- **Exercise data**

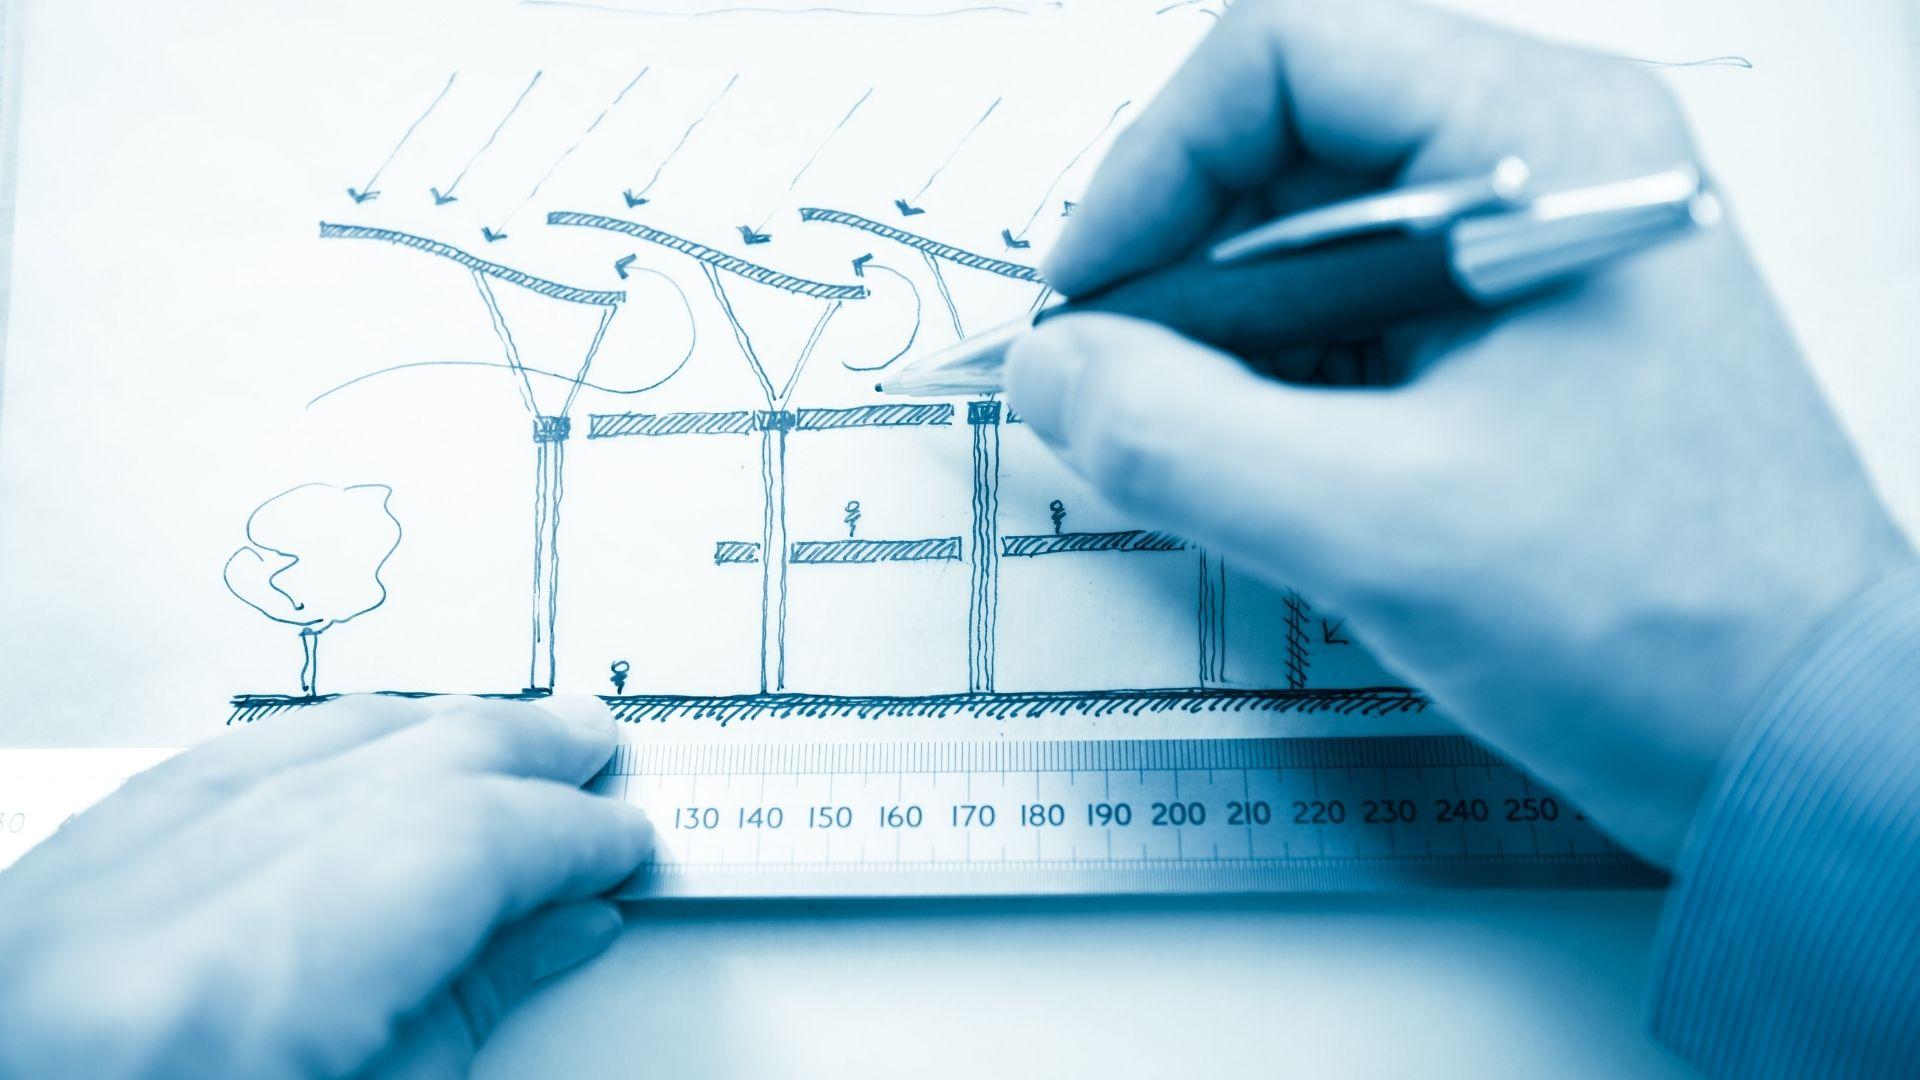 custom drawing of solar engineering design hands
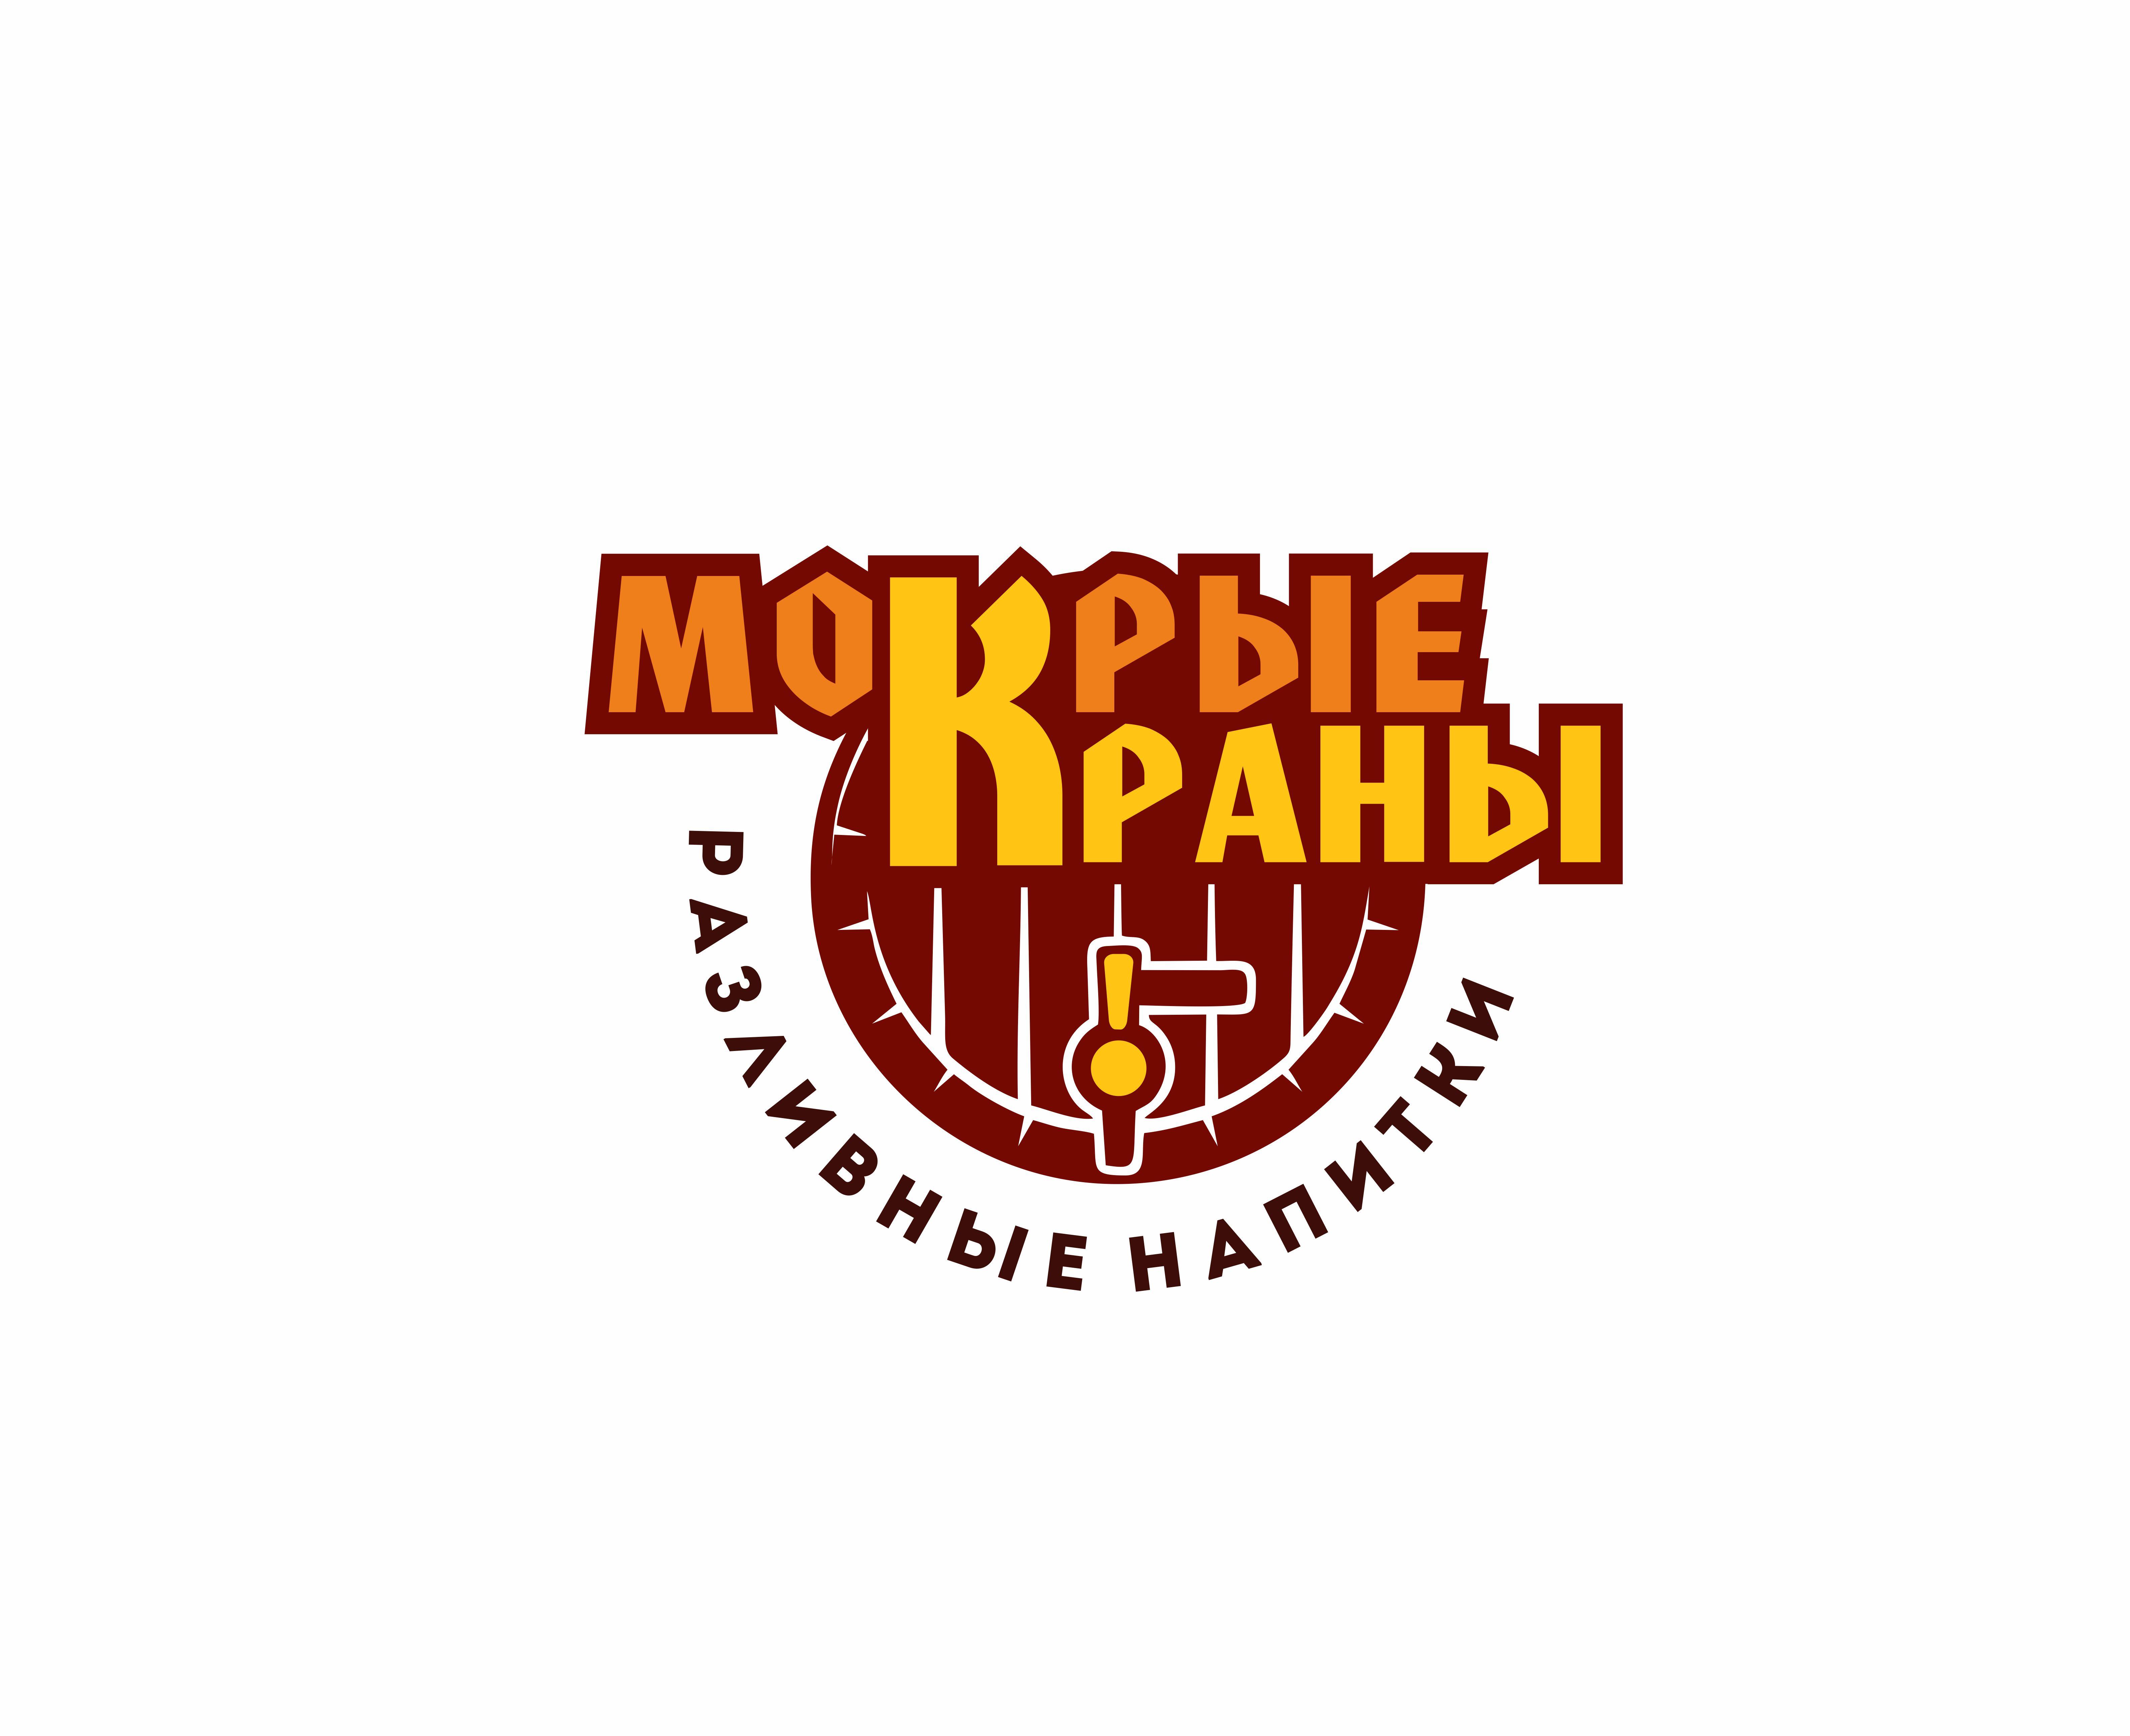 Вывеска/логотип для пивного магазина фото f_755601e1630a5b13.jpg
--
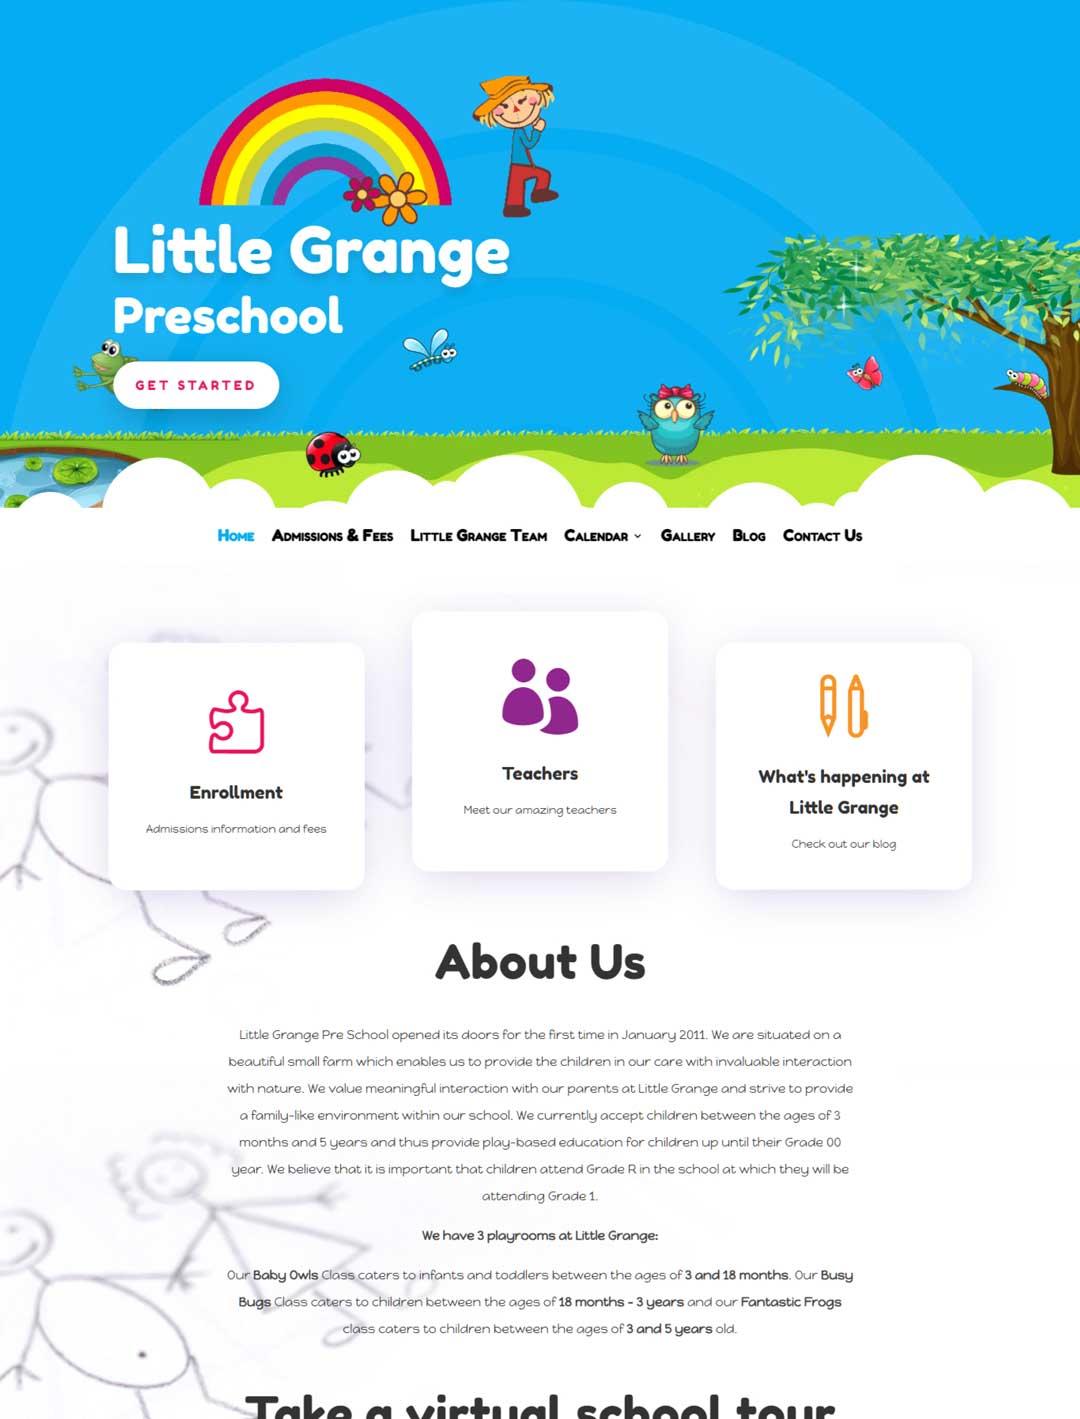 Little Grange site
---
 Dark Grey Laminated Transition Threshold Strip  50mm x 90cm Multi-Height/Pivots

- **Description of the task**
Taking the entries above, copy word for word the lines from the one with "custom drawing of" up to and including the one with "Вывеска/логотип для пивного", without any picture.

- **Result of the task**
 custom drawing of solar engineering design hands
 Вывеска/логотип для пивного магазина фото f_755601e1630a5b13.jpg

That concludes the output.